Al igual que la original, la expedición también duró varias semanas, pero a diferencia, este equipo llevaba lo último en tecnología. Fue al día veintitrés de su partida cuando sus integrantes se adentraron a la cueva de las sirenas, que igual aparecieron a las pocas horas de exploración subacuática. Se confirmó todo lo que McKinney había descrito hace ya casi un siglo: minúsculas criaturas luminiscentes, parecidas a peces, pero con extremidades superiores y rostros de humanos.

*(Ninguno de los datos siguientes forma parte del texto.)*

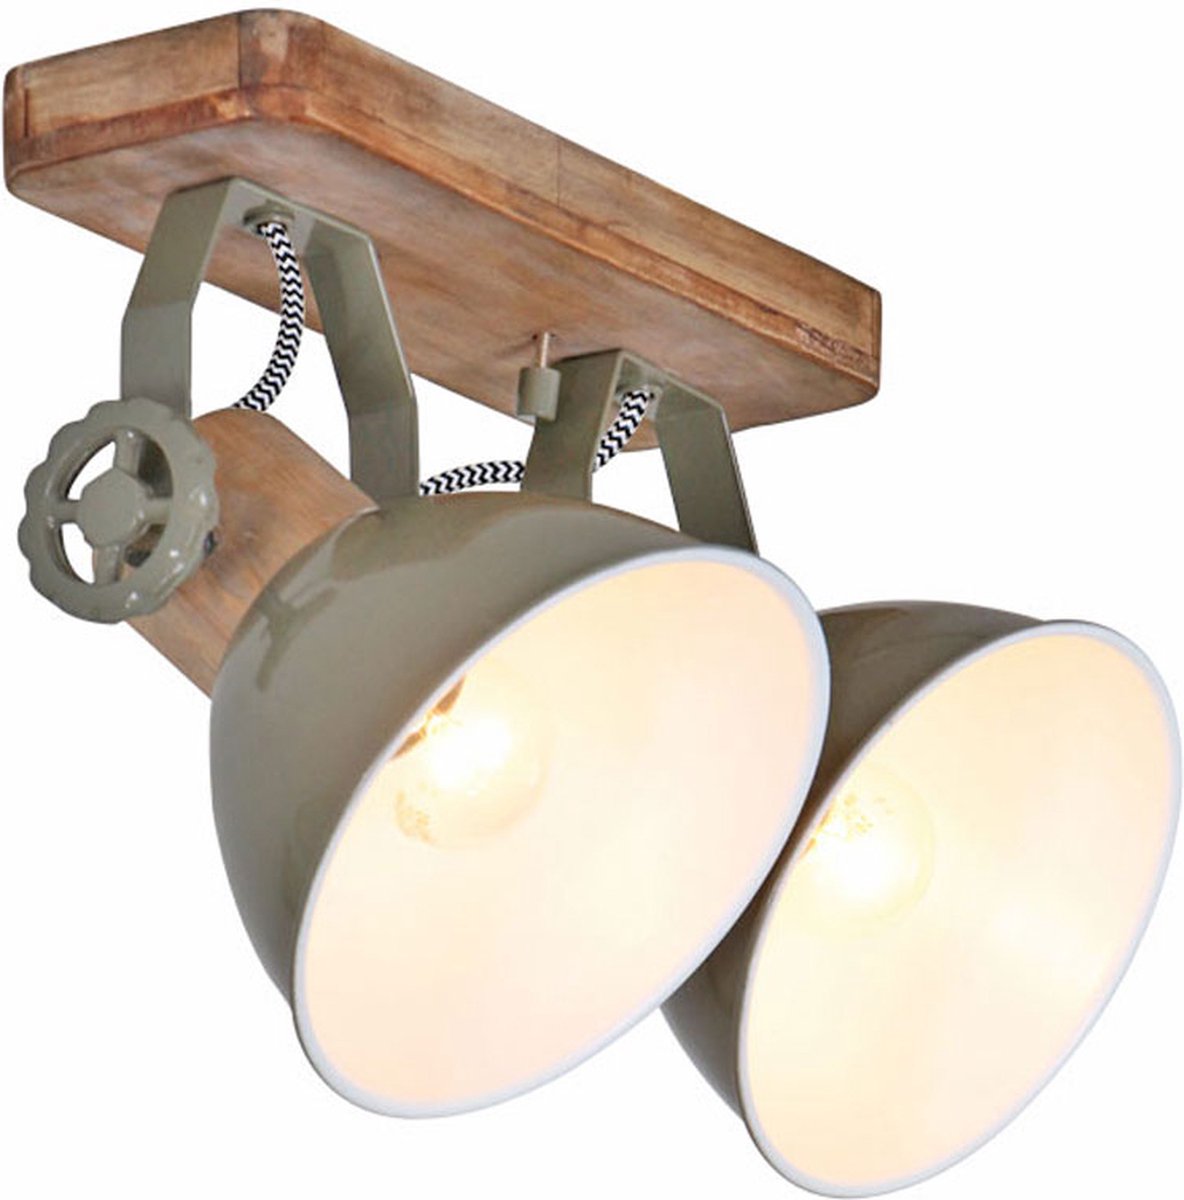 Spot Gearwood | 2 lichts | 27 cm | groen / bruin | hout / metaal | plafondlamp / woonkamer lamp | warm / sfeervol licht | modern / industrieel design

Maravillados, se quedaron varios minutos contemplando esa aparición, y demoraron en preparar los equipos de grabación para evidenciar el descubrimiento. Cuando iban a captar las primeras imágenes, la caverna comenzó a temblar, al principio de forma muy leve. Las criaturas de la noche se asustaron; en sus rostros se leía el terror previo a la shoá. Pudo haber sido el paso de un tractor, la colocación de durmientes o el desmonte de una superficie. Pudo haber sido cualquier movimiento brusco o violento de la superficie lo que al principio asustó y después pulverizó a cada uno de los seres de ese cardumen exquisito.

Millones de cadáveres diminutos yacieron en el fondo de la caverna, tornándose en cuestión de minutos en polvo. Se lograron captar varias imágenes de ese camposanto subterráneo, pero ninguna ha servido como prueba plena de la nueva especie. Ese equipo sigue adentrado en la selva, buscando en otros cenotes la evidencia necesaria. Pero lo hacen contrarreloj y con la superficie temblando de manera más continua; las obras avanzan, la selva expira. Tres de los cinco científicos temen que en ese breve holocausto murieron las últimas sirenas, el último episodio de una extensión que comenzó hace apenas unos meses, cuando comenzó a construirse el circuito ferroviario. Uno, aún alberga esperanza. Y otro está convencido de que todo ha sido mentira, una ficción. Ese último soy yo, quien escribe estas líneas. Y así se lo advierto a cualquiera que haya llegado hasta el final de esta travesía, más fantástica que real.